### WORK TO COMPLETE
The listing below has to be output exactly as given, less its pictures.

### INPUT DATA

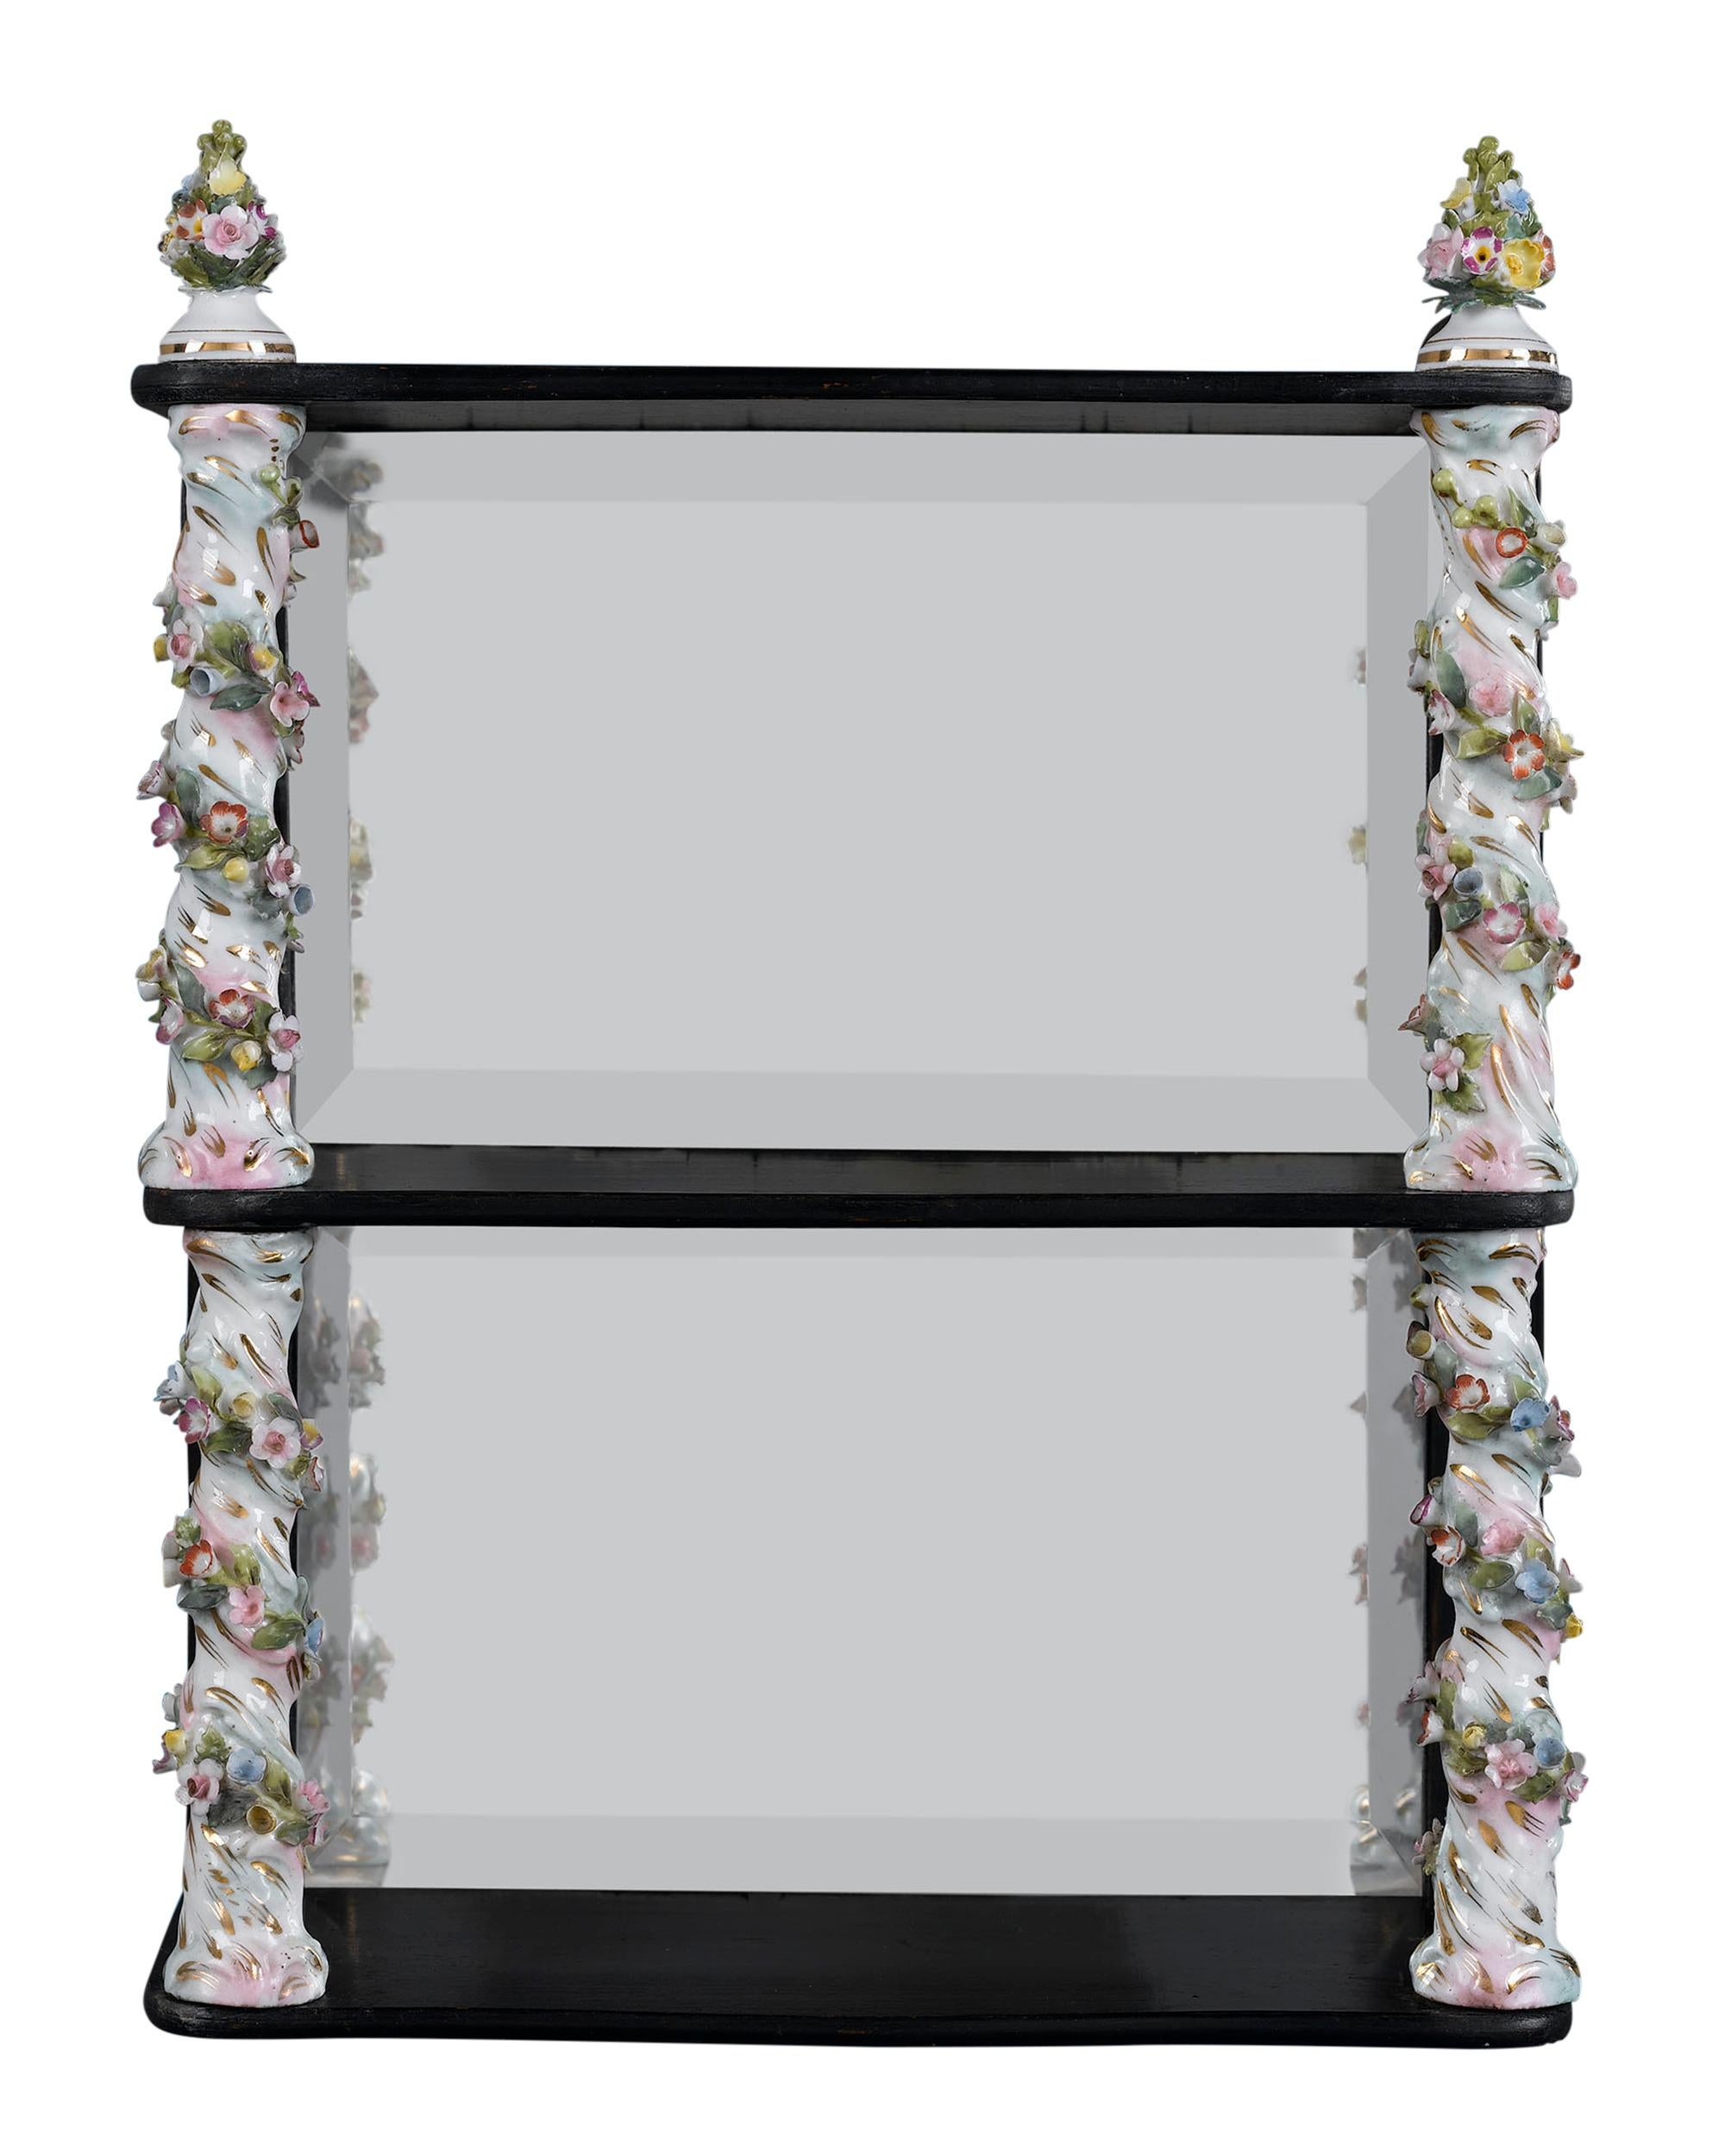 Elegant pillars of Meissen Porcelain distinguish this lovely pair of shelves. An ebonized wood frame gives them structure, and a mirrored backing completes their design.

circa 1880

Measures : 10

### ANSWER FOR THIS EXERCISE
 Elegant pillars of Meissen Porcelain distinguish this lovely pair of shelves. An ebonized wood frame gives them structure, and a mirrored backing completes their design.

circa 1880

Measures : 10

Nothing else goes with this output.